Polygenicity and natural selection

Recent studies (1113) have used theory, simulations and empirical analyses to highlight negative selection as a prominent evolutionary force shaping the degree of polygenicity of diseases as well as its variation across genomic loci. Negative selection primarily acts by removing alleles with a strong deleterious effect on fitness from the population. Therefore, negative selection directly controls the number of mutations segregating in the population, thus imposing an upper bound on disease polygenicity depending on a variant’s relation to fitness. More generally, negative selection also prevents mildly deleterious alleles on fitness from reaching high frequency in the population (14). Thus, a signature of negative selection induces an inverse relationship between the magnitude of SNP effects and their minor allele frequency (13, 15). Statistical methods using GWAS summary statistics have exploited this property to show evidence of negative selection for a wide range of traits and disease, including late onset disease (12, 13, 16). However, as GWAS only partially inform on causal variants, those methods have limited ability to quantify a direct relationship between the strength of selection and the degree of polygenicity. Indeed, the estimated number of SNPs with a non-zero effects on a trait (12, 17, 18), another commonly used statistic to quantify polygenicity, is correlated with but is not an unbiased estimator of the number of causal variants. Importantly, the bias of that estimator depends on the disease heritability but also on the strength of selection (12). Other factors influencing bias are properties of the study design, such as sample size and criteria for selecting SNP density and frequency (17). Despite all those limitations, estimates of the number of non-zero effect SNPs suggests that common diseases are, on average, less polygenic than other traits including anthropometric and brain-related phenotypes. Schizophrenia is a well-recognized outlier, with one of the largest degree of polygenicity reported across traits and diseases (11, 18). One feature of the observed polygenicity of complex traits, including common disease, is that it tends to be distributed widely across the entire genome. It implies that there are many sites in the genome that, when perturbed through mutation, can contribute to a particular trait or disease.

Other methods (1921) have also leveraged the availability of large sets of GWAS associated SNPs to quantify small changes in risk allele frequencies in response to new selection pressures. These methods have shown evidence of directional selection on health-related traits such as blood pressure and body mass index (20). Furthermore, the refined characterization of genes that are constrained by natural selection has provided new ways to annotate GWAS findings, thereby improving their biological interpretation.

In summary, recent contributions shed new light on the causal link between natural selection and polygenicity, and improved GWAS-based approaches, to refine detection and quantification of the effect of natural selection on the genetic architecture of complex diseases. We anticipate that quantification of polygenicity from whole-genome sequence (WGS) data will reveal more detailed resolution and more reliable predictions regarding the evolution of complex disease (7).

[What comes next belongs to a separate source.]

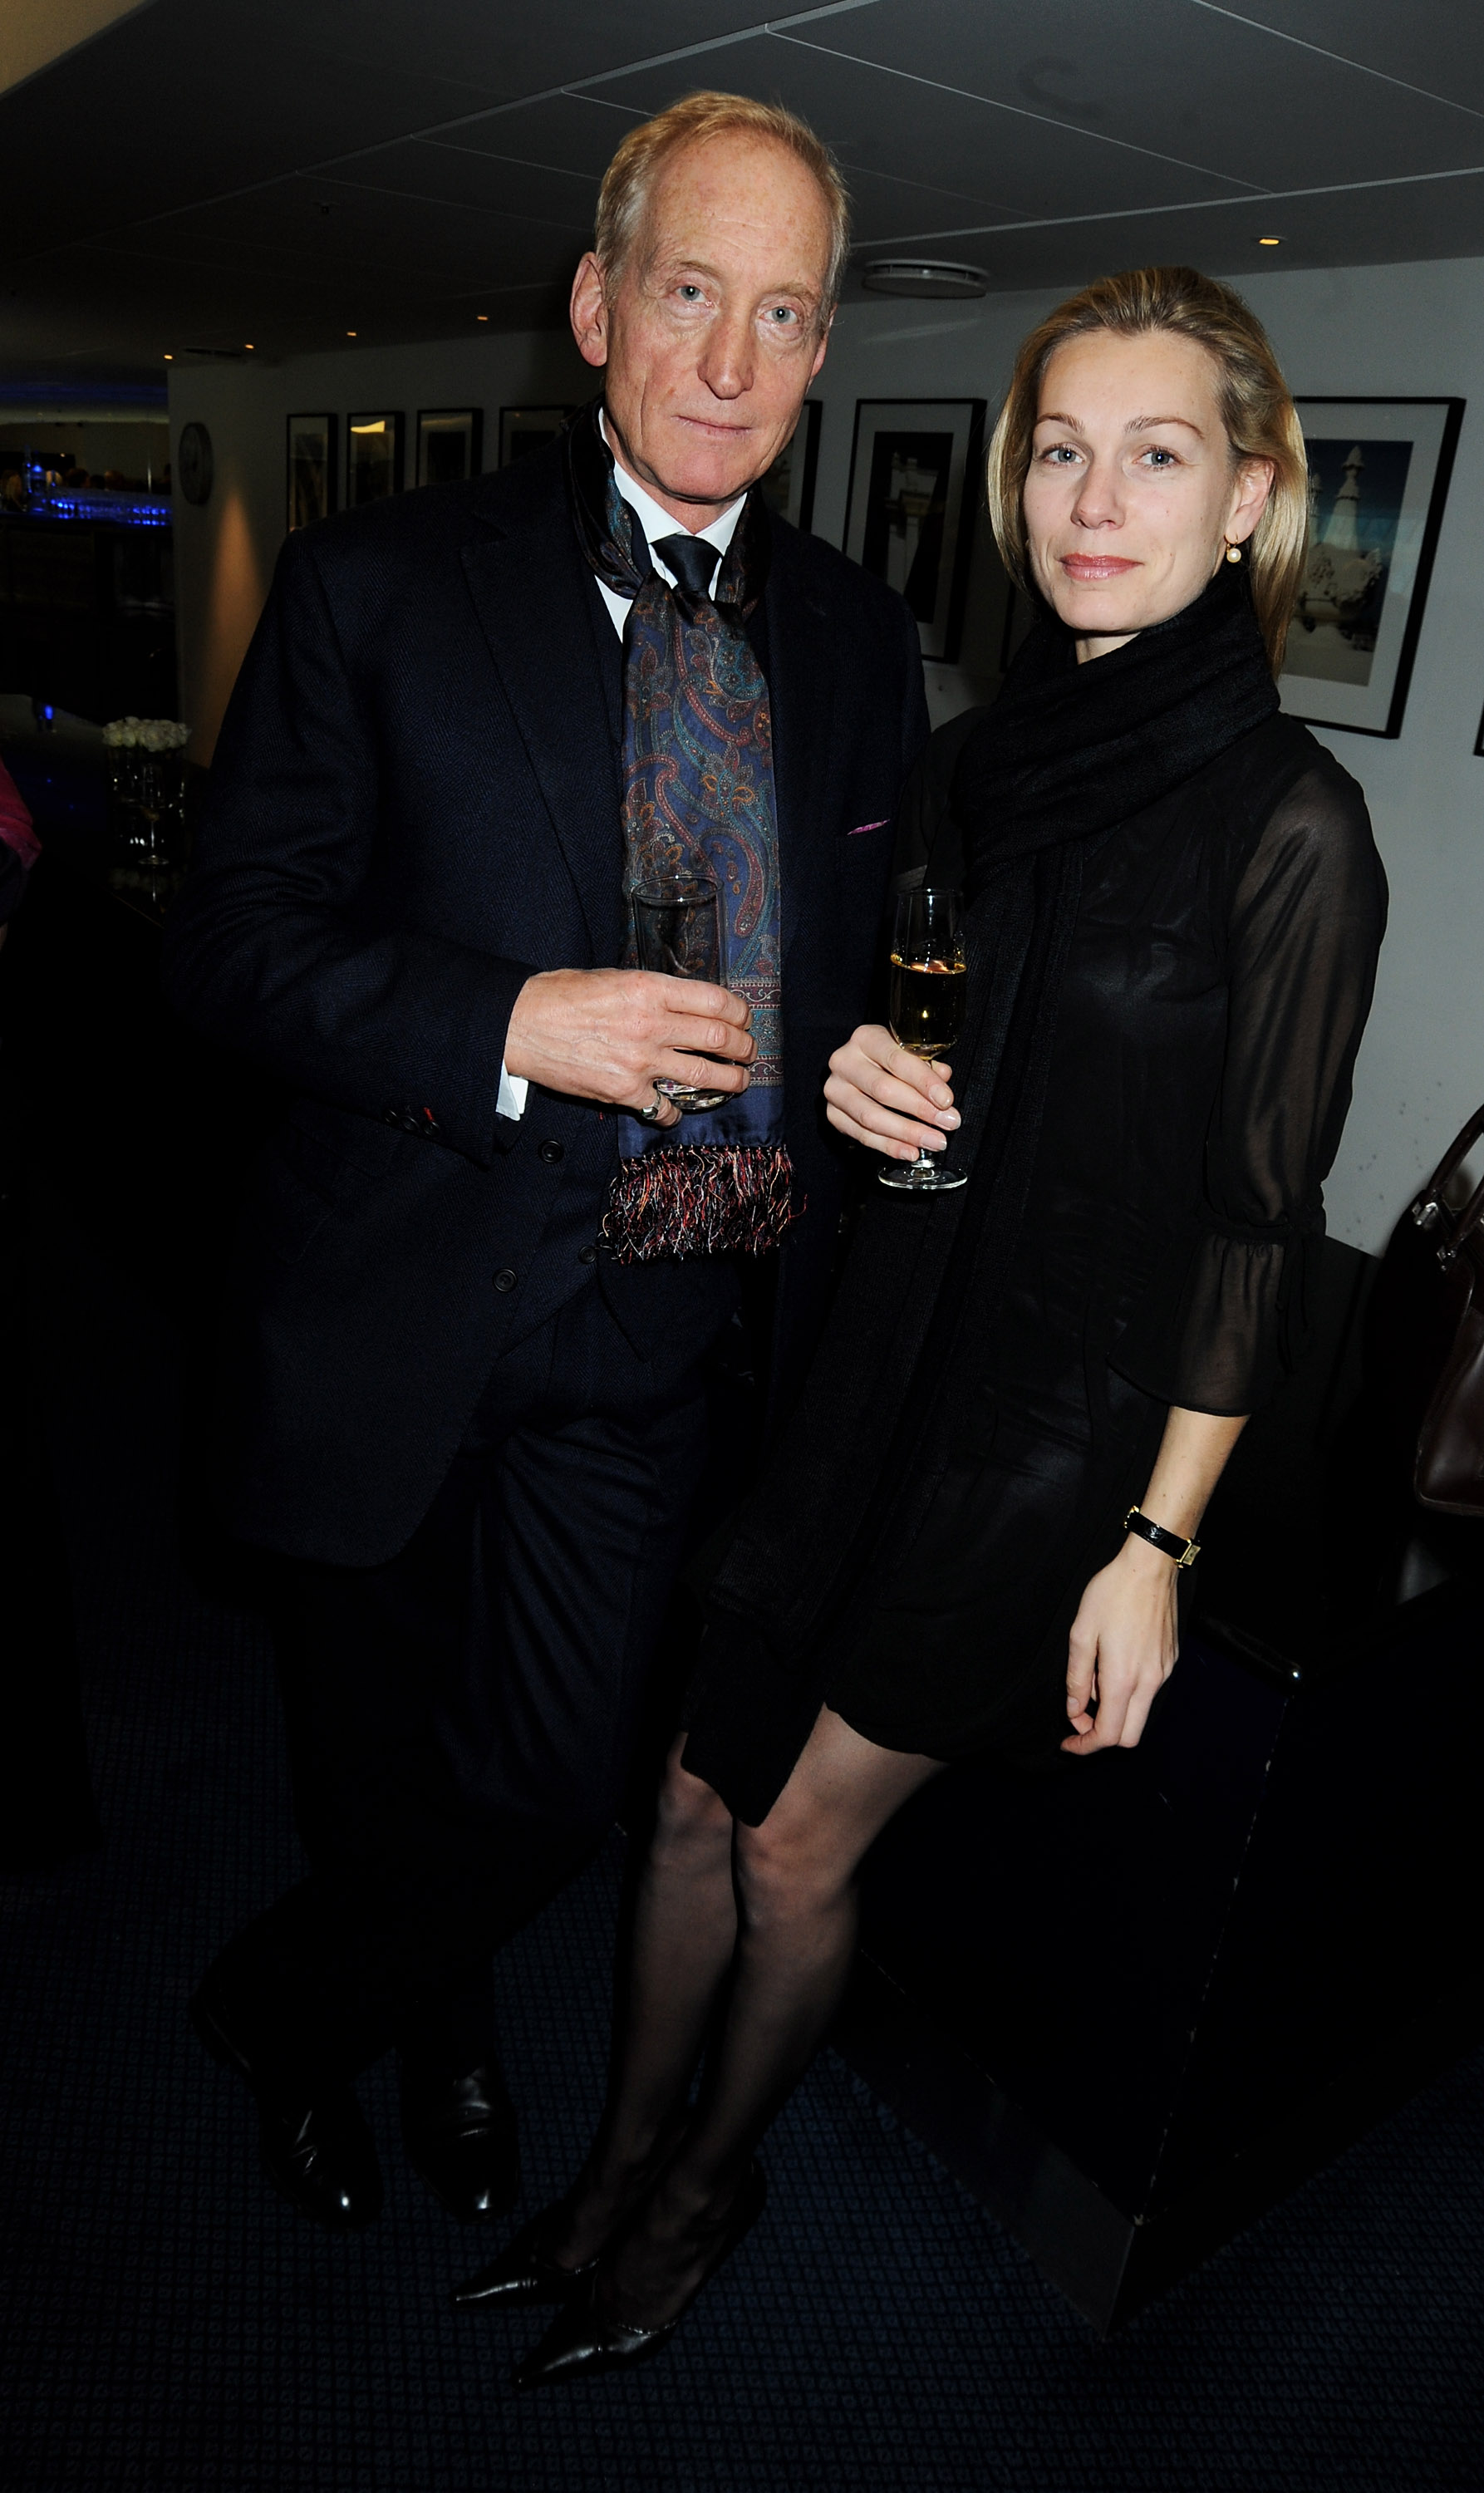 Charles Dance and Eleanor Boorman at the Royal Opera House on November 24, 2008, in London, England. | Source: Getty Images
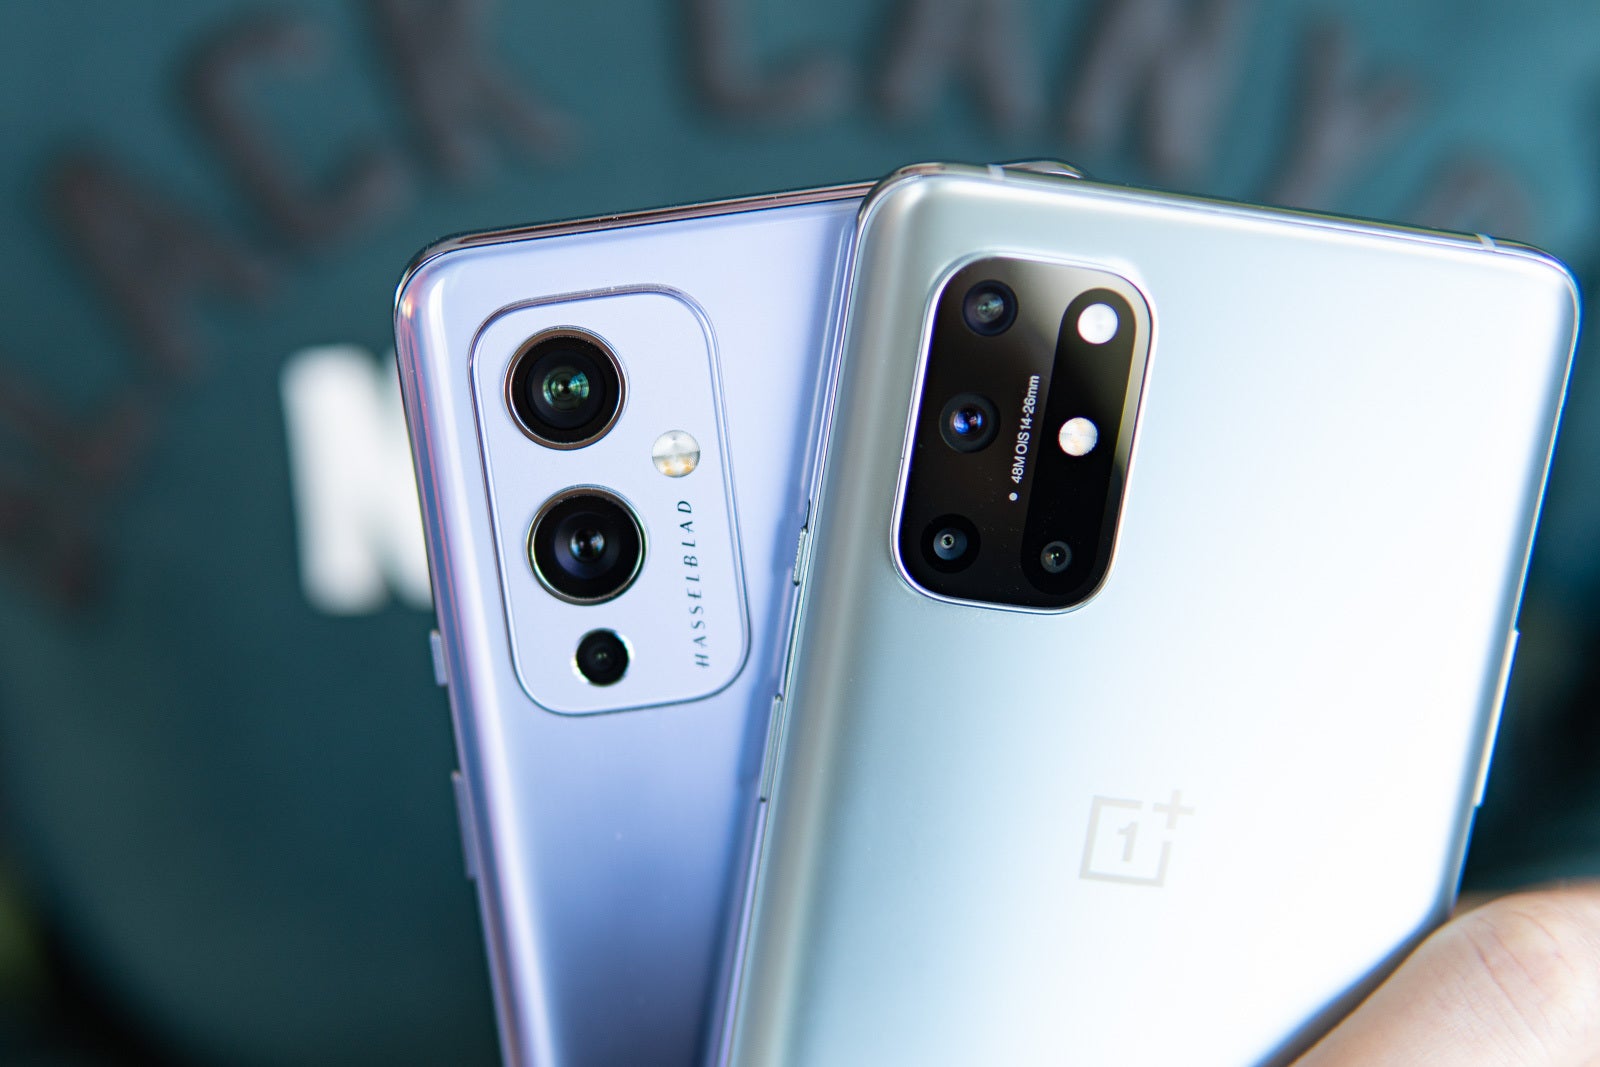 The OnePlus 9 camera module with Hasselblad branding (left) and the OnePlus 8T camera module - OnePlus 9 vs OnePlus 8T

Polygenic (risk) scores continue to mature

An exciting development in human genetics has been the use of GWAS data to create polygenic predictors for complex traits and quantify their association with disease and other outcomes in independent data. A polygenic (risk) score (PRS) is a sum of the number of risk variants at multiple genomic loci, weighted by their effect size which have been estimated from independent data. Harnessing genome-wide linkage disequilibrium between marker genotypes and trait loci and perform a genomic prediction is was first suggested in the context of plant and animal breeding and has been used widely in agriculture (22). Polygenic prediction is entirely based upon association, just like GWAS. The increase in sample sizes in GWAS has facilitated polygenic predictors that have effect sizes of risk as large as known monogenic mutations that are clinically actionable (10) (Fig. 2). Since genetic factors are not the only contributors to risk of common disease, polygenic predictors are not expected to be diagnostic. Nonetheless, they have utility similar to other predictors used in medicine. When more of the trait variance is accounted for in polygenic predictors, the differences in lifetime prevalence between individuals at high and low predicted risk should increase and improve the accuracy of polygenic prediction, by better modelling of the distribution of effect sizes (2325). Resources with polygenic score information have been created to ensure reproducibility in research and translation (26, 27).

Fig. 2. Risk as a function of polygenic predictor percentiles.

Fig. 2.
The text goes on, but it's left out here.